I. The Acute Phase Response
The APR is part of broad response of the innate immune or early-defense system. The production of APP is preceded by the perhaps better known local response involving the creation of proinflammatory cytokines such as IL-1, IL-6, and TNF-α. These signal hepatocytes to produce the myriad of APP which then enhance chemotaxis provide other immunomodulatory effects, impart specific bacteriostatic support, and assist in the reduction of oxidative damage (Fig. 1 , Table I ).
Table I.
Acronym | Acute phase protein | Activities |
---|---|---|
AAT | Alpha-1 antitrypsin | Protease inhibition |
ACT | Alpha-1 antichymotrypsin | Protease inhibition |
AGP | Alpha-1 acid glycoprotein | Bind drugs and LPS |
ALB | Albumin | Transport protein |
A2M | Alpha-2 macroglobulin | Protease inhibition |
CP | Ceruloplasmin | Transport copper, protect from iron-mediated oxidative injury |
CRP | C-reactive protein | Enhance opsonization, activate complement, induce cytokines, inhibit chemotaxis |
FIB | Fibrinogen | Substrate for fibrin, tissue repair |
HP | Haptoglobin | Bind hemoglobin, bacteriostatic |
MAP | Pig major acute phase protein | Trypsin inhibition |
SAA | Serum amyloid A | Chemotaxis, anti-inflammatory activity |
SAP | Serum amyloid P | Enhance opsonization, activate complement |
TN | Transferrin | Sequestration of iron |
A. Innate Immunity
The innate immune system serves to prevent infection, eliminate potential pathogens, and initiate the inflammatory response.12 It is often described as compromised of distinct defenses including anatomic barriers (i.e., skin, mucous membranes), physiologic barriers (i.e., low pH and temperature to inhibit bacterial growth), phagocytic barriers (i.e., tissue-based cells that can ingest pathogens), and inflammatory barriers. It is the latter barrier that serves as the backup in the event of the failure of the other arms of the innate immune system and also perhaps is the most recognized given the myriad of symptoms including edema, redness, and fever that are produced with the complex interactions of cytokines, chemokines, and APP.

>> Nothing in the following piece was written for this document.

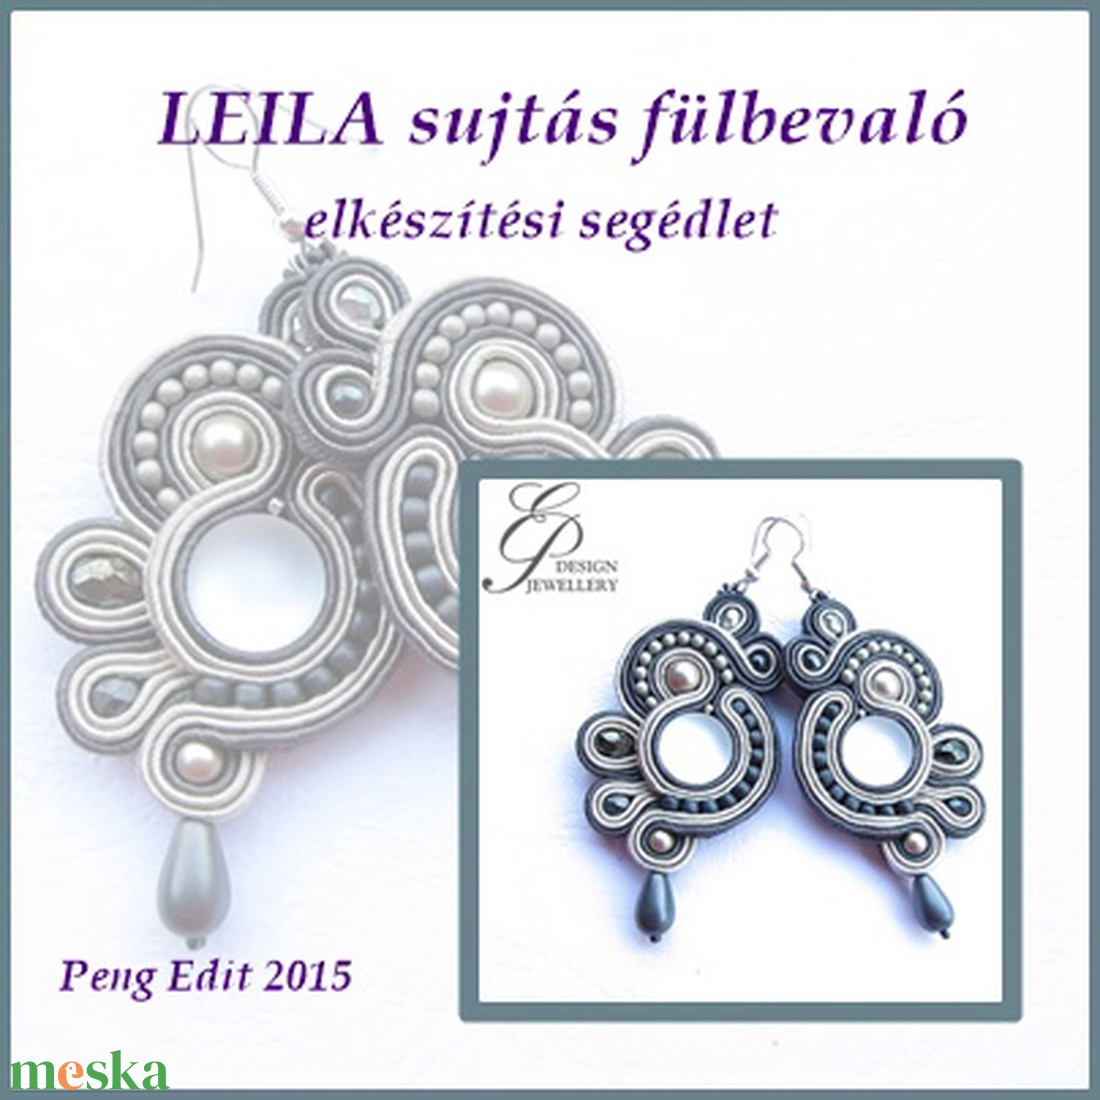 Leila sujtás fülbevaló elkészítési segédlet (Pengedit) - Meska.hu

With the increased knowledge of the inflammatory process, it is recognized that this represents a cascade of very specific and effective immune responses that also initiate several metabolic events.13, 14 The innate immune response is often characterized as nonspecific as it is contrasted to the adaptive immune response which involves antigen-specific responses via T and B cells. While the antigen receptor and its required gene recombination events are a more recent evolutionary acquisition of vertebrates, the innate immune system represents the core from which the adaptive immune system was based. Additionally, these two systems are often examined as mediating separate events. There is a true interface between the APR and adaptive immunity. Yoo and colleagues, with the use of lipopolysaccharide (LPS) treatment of mice, demonstrated that the APR mobilizes antigen presentation by hepatocytes via MHC class I.13 Others have demonstrated that the elimination of toll-like receptors affects both innate and adaptive immune responses.15, 16
B. Induction of the APR
The APR is initiated primarily by tissue macrophages, blood monocytes, and dendritic cells at the site of tissue damage when particular chemical structures in damaged tissue or infectious agents are presented for detection by these first-line defense cells.17 These cells undergo a rapid activation leading to the production of the primary cytokines IL-1, TNF-α, and IL-6 which not only incite the APR but also result in the chemotactic recruitment of additional cells to the affected area to rapidly augment the response. The area of major APP production is the liver; specifically, the induction of APP expression in hepatocytes. APP have also been noted to be produced in other tissues. The production of the major APP serum amyloid A (SAA) has been demonstrated in the gastrointestinal tract, mammary gland, kidneys, and airways.18, 19
The inflammatory stimuli may result in a differential production of cytokines, and the absence of some of the cytokines may abrogate the APR. In a study of LPS-induced inflammation of the mouse lung, the use of neutralizing antibody to IL-6 but not TNF-α resulted in the cessation of the APR.20 In IL-6-deficient mice, the intraperitoneal injection of LPS resulted in an overproduction of TNF-α but still a significant decrease in the production of SAA.21 Similarly, in a mouse model of bacterial pneumonia, SAA increases were completely abrogated in IL-6-deficient mice.22 In wild-type mice, IL-6 levels were increased in both the liver and the lungs of infected mice within 24 h of bacterial instillation.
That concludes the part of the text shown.